13. 1234567890 (New)

14. letmein (Down 7)

15. photoshop (New)

16. 1234 (New)

17. monkey (Down 11)

18. shadow (Unchanged)

19. sunshine (Down 5)

20. 12345 (New)

21. password1 (Up 4)

22. princess (New)

23. azerty (New)

24. trustno1 (Down 12)

25. 000000 (New)

This list was made possible by the Adobe hack that liberated 38 million passwords from their users. This explains why Adobe123 is one of the most popular on this list, but I think what we're seeing here is that plenty of people use the word of the program they're using in their actual password. Not the best idea I'm sure you'll agree.

The most terrifying thing is that, reading through the password list, I can feel the reasoning.
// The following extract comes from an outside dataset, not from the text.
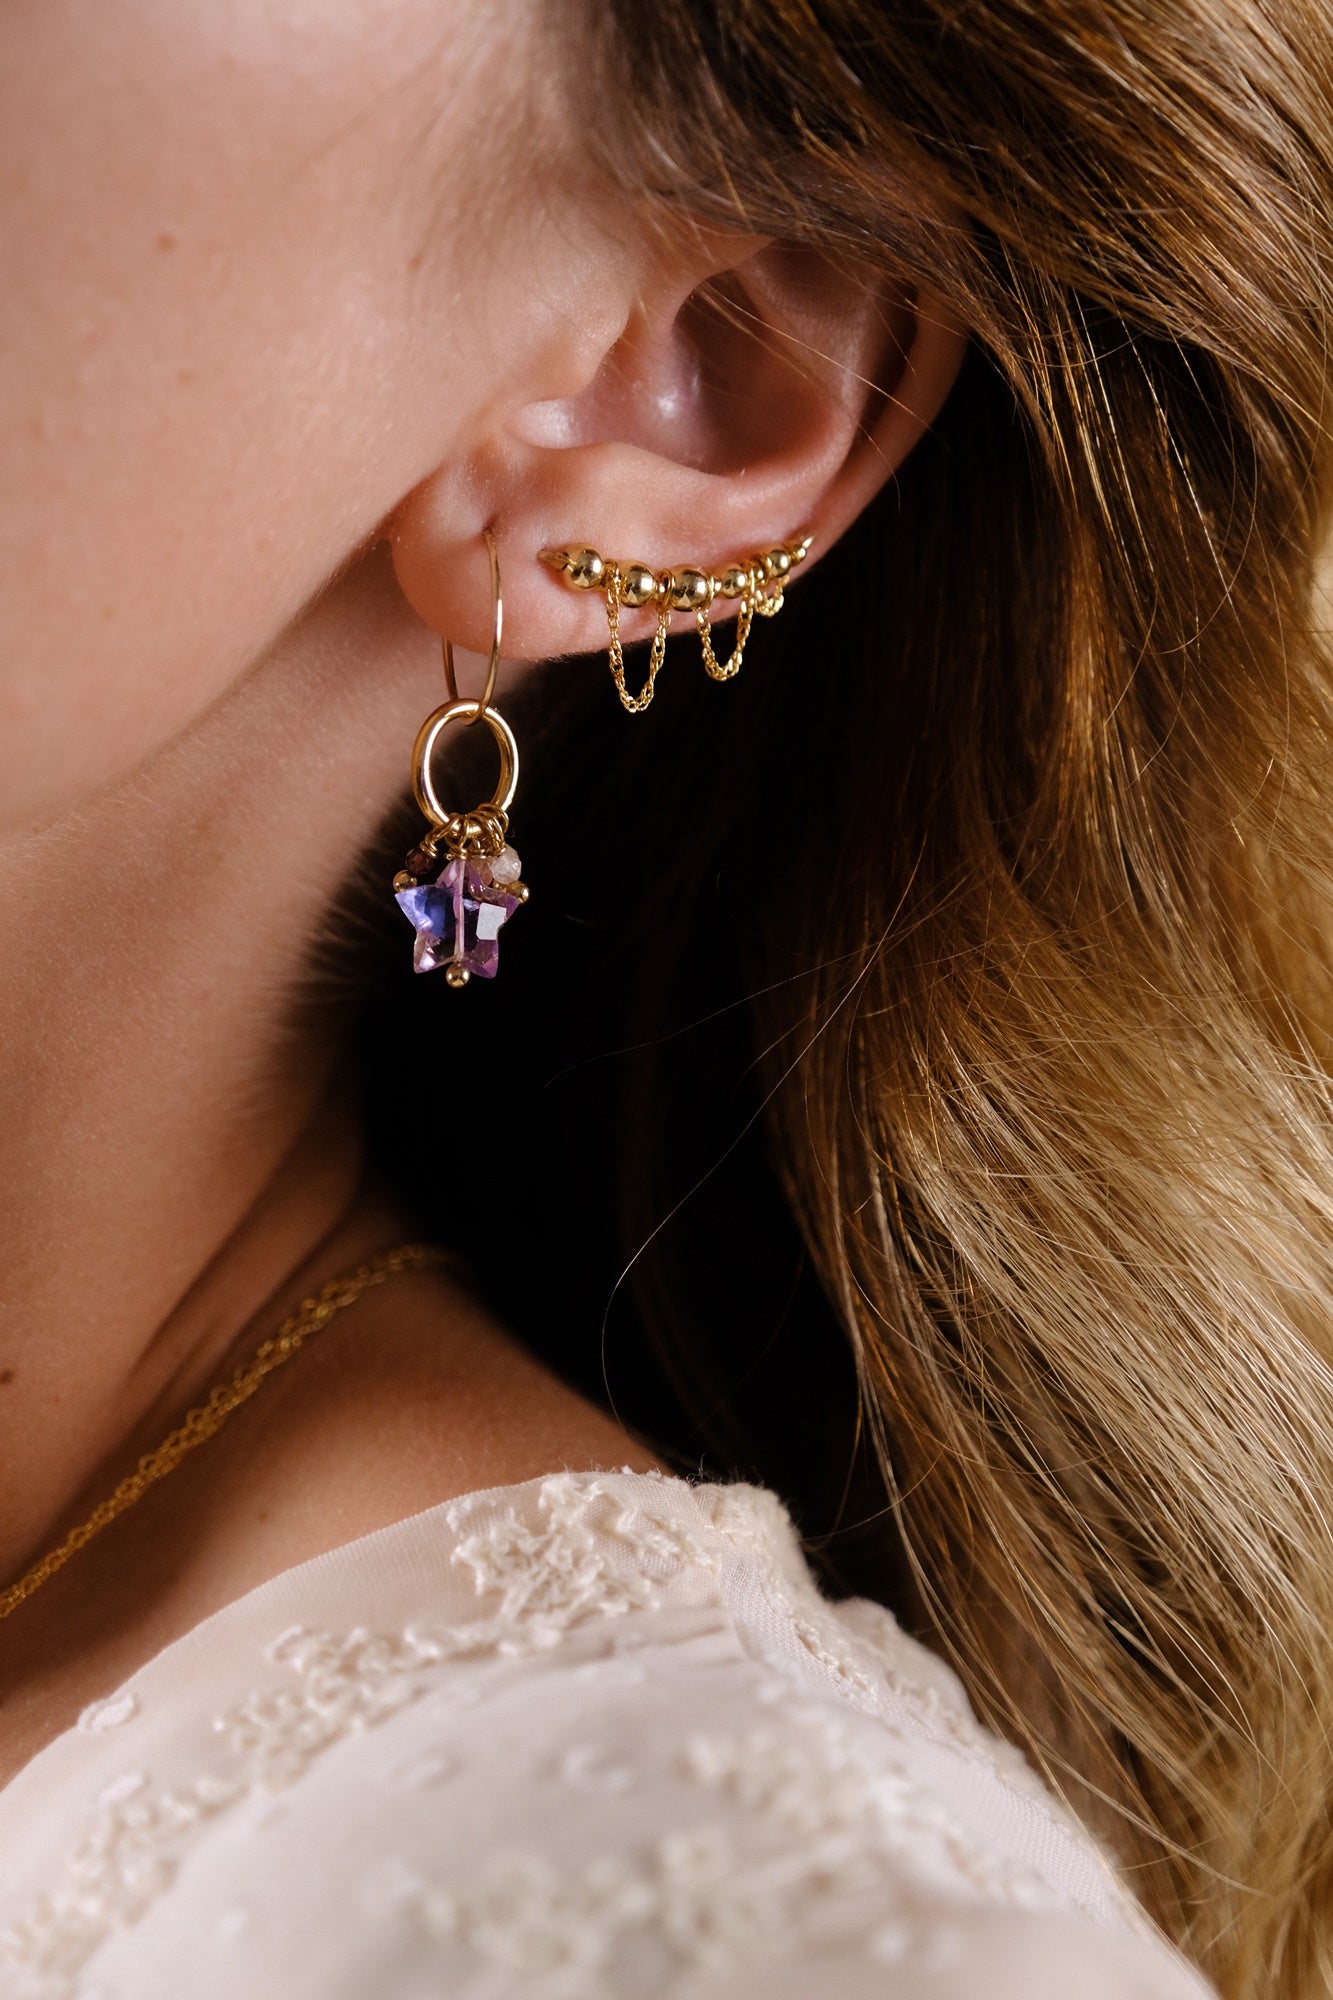 “Joy” earrings (your choice)

Like I can literally understand why certain people chose certain passwords. I can read my own train of thought in this password. That is scary. It means that I am vulnerable. It means that I could, most likely, be hacked with ease.

[Immediately goes and changes all passwords]

Worst passwords of 2013 - our annual list updated [Splashdata]

Via Gizmodo


    That's amazing. I've got the same combination on my luggage.

      this comment deserves way more votes.

        And change the combination on my luggage!

      This probably went over many heads, but I for one appreciated it.

        One of my favorite memories of recent years was my kids being both old enough, and enjoying Star Wars enough, for me to play Spaceballs for them. Much hilarity was had.


    Using the product/service name plus something secret is somewhat better than sharing the same password between services. At least it prevents a leaked password from being used to directly access another site.

    Better yet would be to use a password manager that can generate random passwords for you.

      That is brilliant and something I've genuinely not heard of.

        Just make sure you don't pick "123" as the shared secret portion of your password :)


      yeh man after my origin account got hacked I took the plunge and went with 1Password - https://agilebits.com/onepassword. Only pain is having to go into the app on your phone and copy the crazy jumble password you generated every time you want to make a purchase on the app store - or worse signing into psn and having to enter it via the controller looking back and forth from your iPhone... but no one will guess my passwords!! not even me

        I went with www.lastpass.com but it looks very similar. I makes everything nice and secure, but you need to think a little bit more about your access. For example you can get extensions for Chrome and Firefox, but if you use someone elses machine, you have to login to the Lastpass website, copy the random password and then back to the site you want to login with.

        But as with your example of PSN, it annoys me so much I changed it back to something I could remember, same with my Google account for the Play Store!

      Interestingly: XKCD on password strength: https://xkcd.com/936/



    I hate this era of passwords more than anything, every month a website/service i frequently use is wanting to add more and more #%$%^ to my pass word, like email verification (because hacking an email is hard right?) or yet another phone app or sms.

    Worse yet they want a lowercase and upper case and a number AND a !@@#$%^&* letter and it has to now be 15 letters long instead of 8 and On it goes, and they expect people to remember individual passwords for the literal 10-30+ sites and services, yeah I don't think so.

    The worst part is all these "measures" actually make it easier for computers to hack, things like adding Qasdfg1! are very easy fora computer to dechiper so to speak, where as (from an article i recently read) the hardest thing for a computer to crack is an actual string of words like Brownyetimilk. the inherent problem here is that we now have paswords that are hard for us to remember and easy for computers to crack, by comparison Brownyetimilk is easy for a human to remember and very hard to hack.

    The sooner someone invents and ingenious method for account verification the better the world will be and the how insanely filthy rich that person would be.

      Actually, cracking passwords that are a combination of random dictionary words like 'Brown yeti milk' is very, very easy with a computer. It's almost as easy to break as a 3-character password. Keyboard sequences like Qasdf are usually hard-coded into a cracker's dictionary as well so they'll also be pretty easy. The best passwords are random or seemingly random combinations of characters (eg take a long phrase you can easily remember and take the first or second letter of each word, capitalize some of the letters and replace some others with symbols or numbers).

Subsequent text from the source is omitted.